Scream and its sequels have always felt like those “Learn Conversational French” videos, where you learn a language by watching stilted interactions between people who speak in the simplest of sentences (“j’adore les blue jeans”), except that in Scream, the language you’re learning is that of horror films (“don’t kill me, I want to be in the sequel!”).
The latest installment is another opportunity to practice those linguistic skills, while adding a few words to the vocabulary. But not many! Just as Scream (1996) was a movie about itself, Scream (2022) is a horror film where everyone has not only seen every horror film, they’ve seen every horror film in their own franchise.
The result is a cat-and-mouse game among characters that are essentially superheroes with cheat codes: When everyone is aware of the constraints of the genre, the game transforms into the killer and the survivors finding loopholes around predictable tropes in order to commit gory murders or evade them. It’s a horror film, but only by virtue of all the fake blood; at their heart, the Screams are all comic mysteries with satisfying surprise twists. (Scream is Murder She Wrote for sickos.)
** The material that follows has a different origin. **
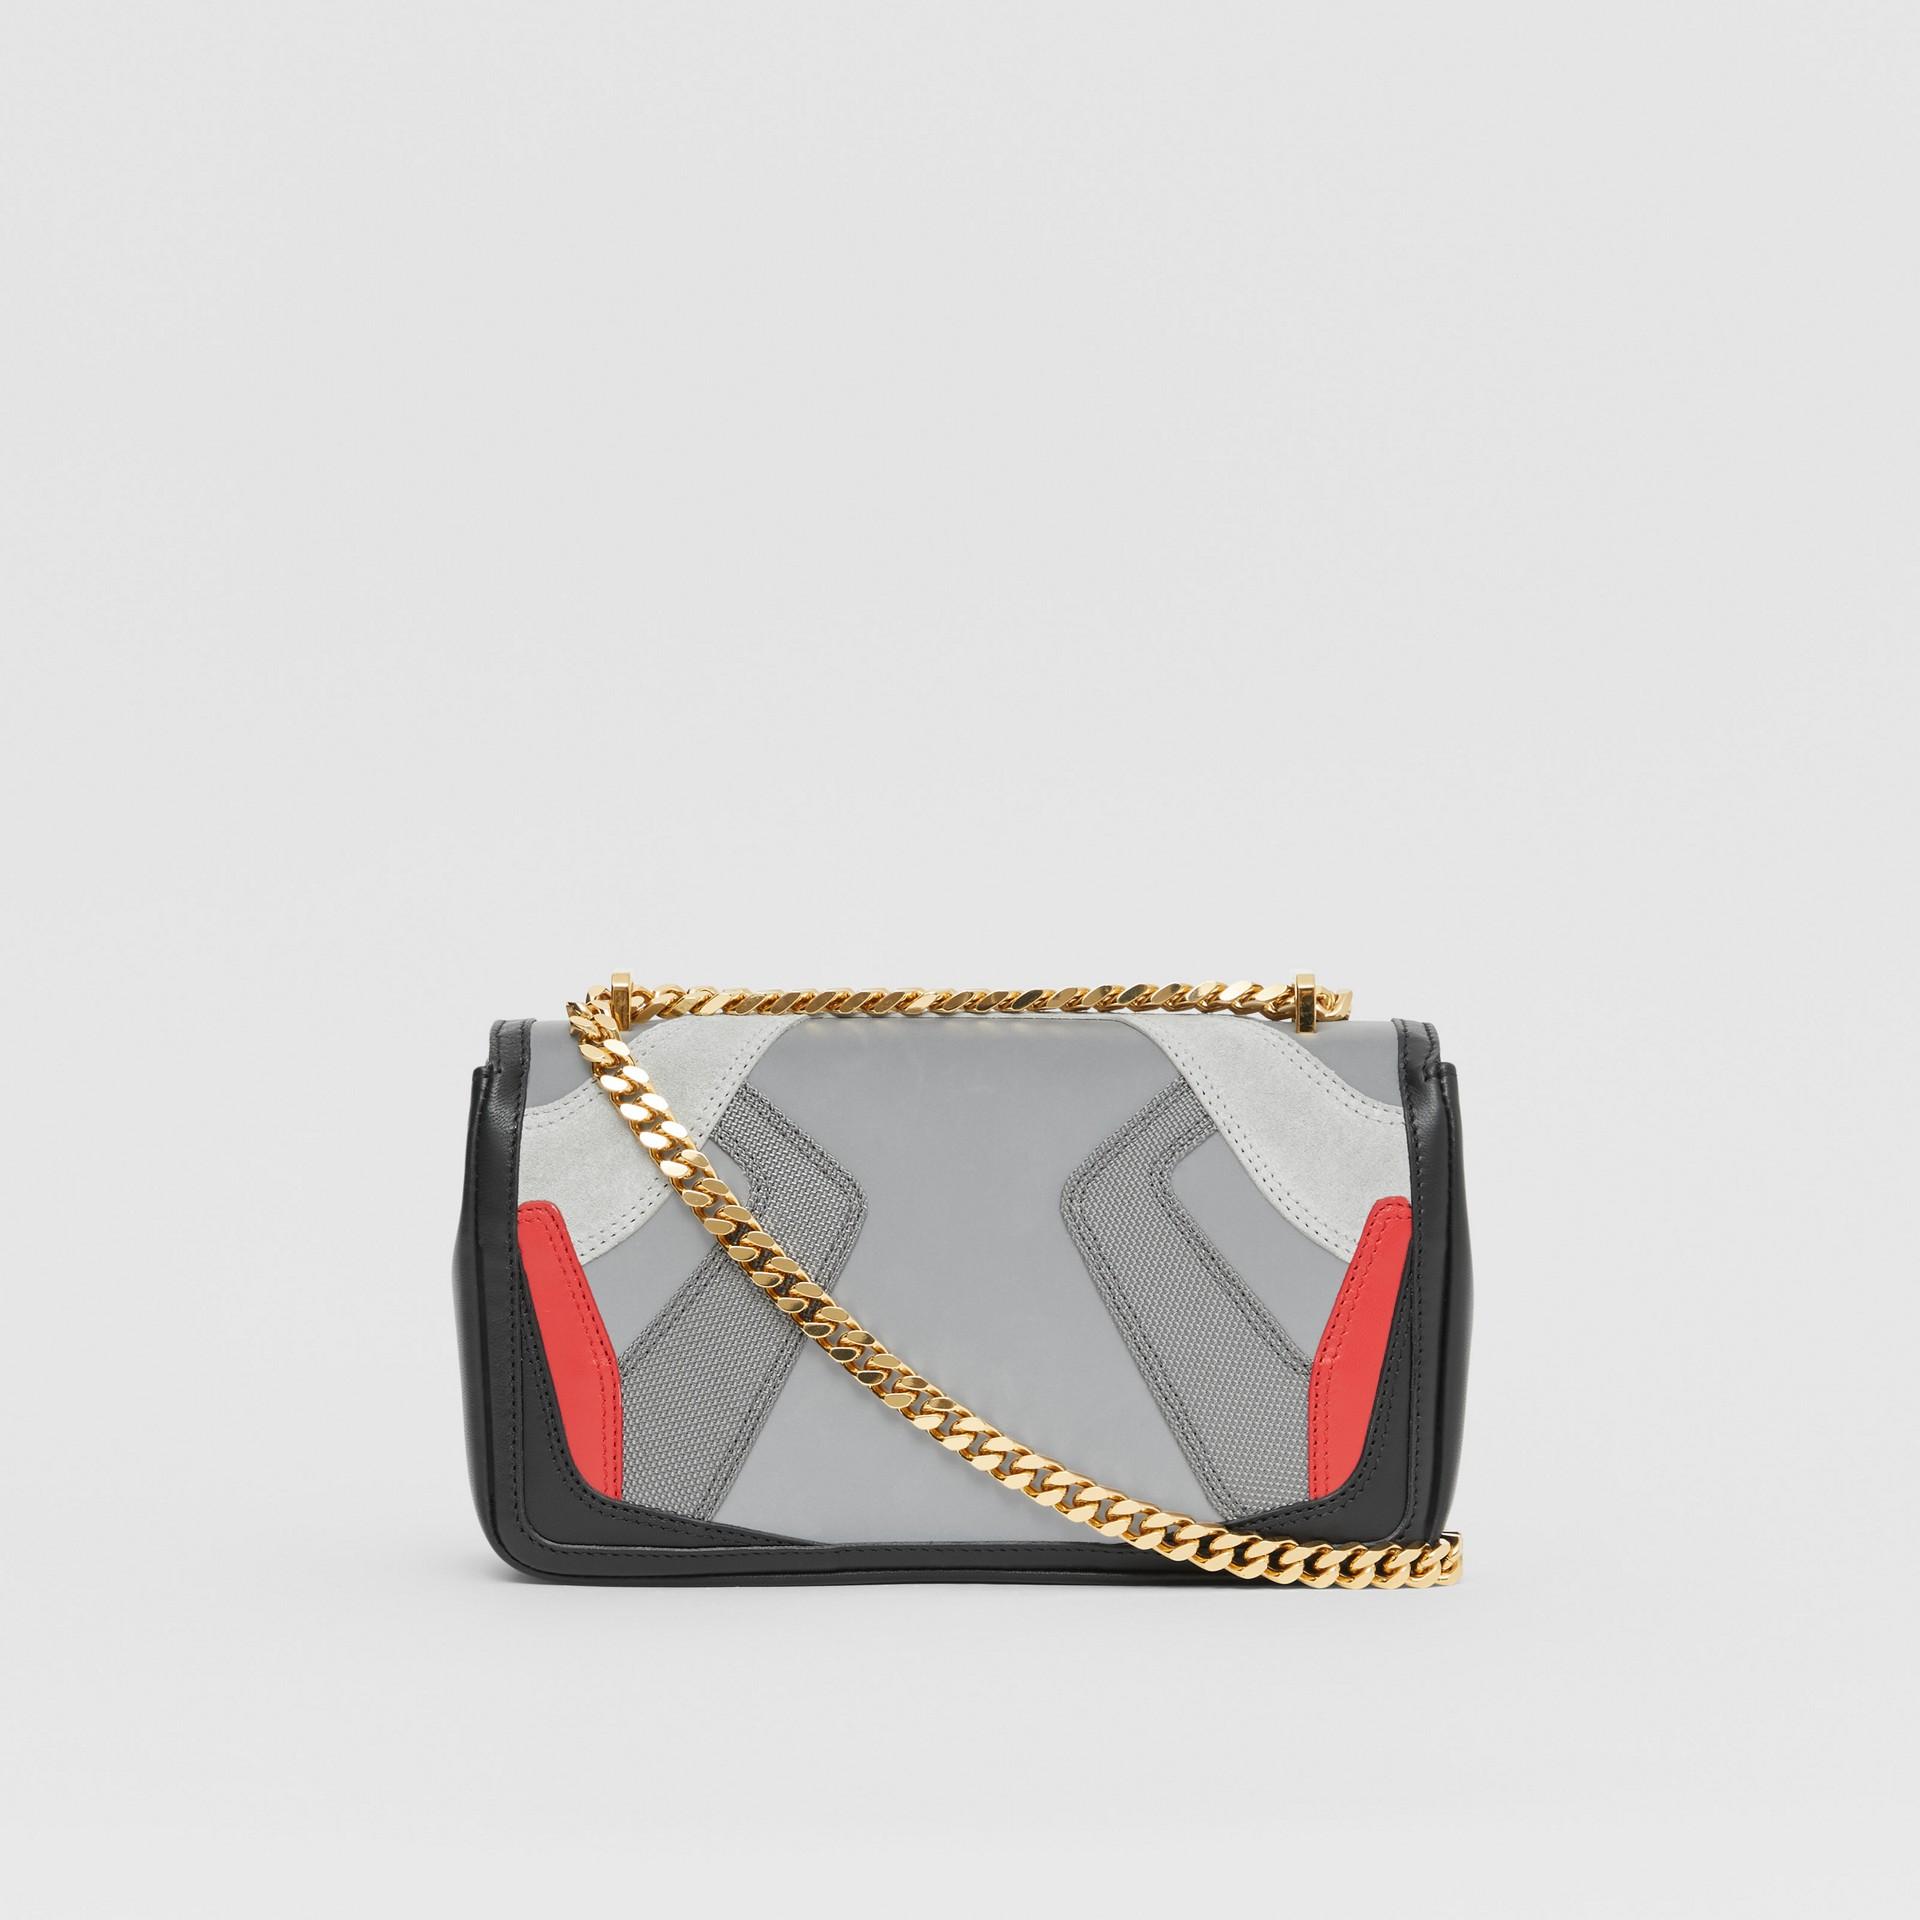 Small Appliqué Leather Lola Bag in Multicolour - Women | Burberry United Kingdom - gallery image 5

Is this game actually fun? That depends on how much you enjoy speaking the language.
It begins with a signal that we’re in familiar hands: What appears, at first, to be a perfect remake of the memorable opening scene of the original.
A young woman putters around the (palatially large) kitchen of an empty suburban house, bothered by a gravel-voiced phone caller who wants to talk about “Stab,” the in-universe horror films inspired by the events of the first Scream. (Yes, the nesting dolls go deep.)
“How well do you remember the original?” the caller asks.
“It’s super ‘90s,” the young woman shrugs. Oh, it’s not looking good for her.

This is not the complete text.